Gilberto - 1 month ago 13
Python Question

# How to classify/label pandas dataframe between minimum and maximum

I want a function, e.g.

`get_cluster(df, numspan)`
, that, given a pandas DataFrame
`df`
and an integer
`numspan`
as inputs, returns a DataFrame
`df_cluster`
of labels (numbers), that represent membership in the subset calculated according to the difference between max and min of the DataFrame divided by numspan.

In other words:

1. take the df, e.g.
`1, 2, 3, 4, 5`
(not necessarily ordered, may be real numbers)

2. get the max
`5`
and min
`1`

3. calculate the difference
`5 - 1 = 4`
, which represent the main set width

4. divide the difference by numspan, e.g.
`2`
to get the subset unit width
`2`

5. then for every item of the DataFrame check which subset it belongs to (the rule is L1 <= x < L2 where L1 and L2 are the lower and upper subset limit)

6. return a number which represents the related subset, so the final df_cluster is
`1, 1, 2, 2, 2`
(the last label corresponding to the max upper limit is included by rule)

My code (with another example, see the picture below also):

``````import pandas as pd
df = pd.DataFrame({'A':pd.Series([4, 8, 2, 3])})

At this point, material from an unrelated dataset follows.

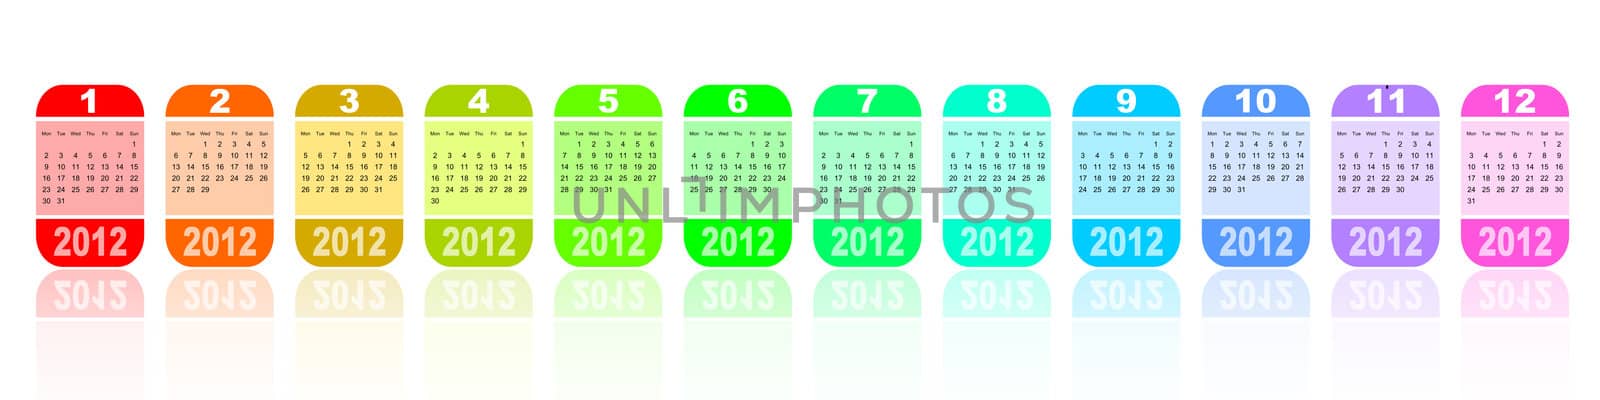 2012 colorful calendar by alexwhite

def get_cluster(df, numspan):
min = df.min() # e.g. 2
max = df.max() # e.g. 8
span = max - min # e.g. 6
subset_unit = span/numspan # e.g. 6/3 = 2 -> every subset is 2 width

# code I need...

return df_cluster

df['Cluster'] = get_cluster(df, 3)
df
A  Cluster
0  4        2
1  8        3 <= included by rule
2  2        1
3  3        1
``````

In picture:

This is called `pd.cut` where a `bins=` argument will allow you to set the number you numspan in the question.
It returns bin ranges by default. `labels=False` is a parameter you can use to get a bin number instead.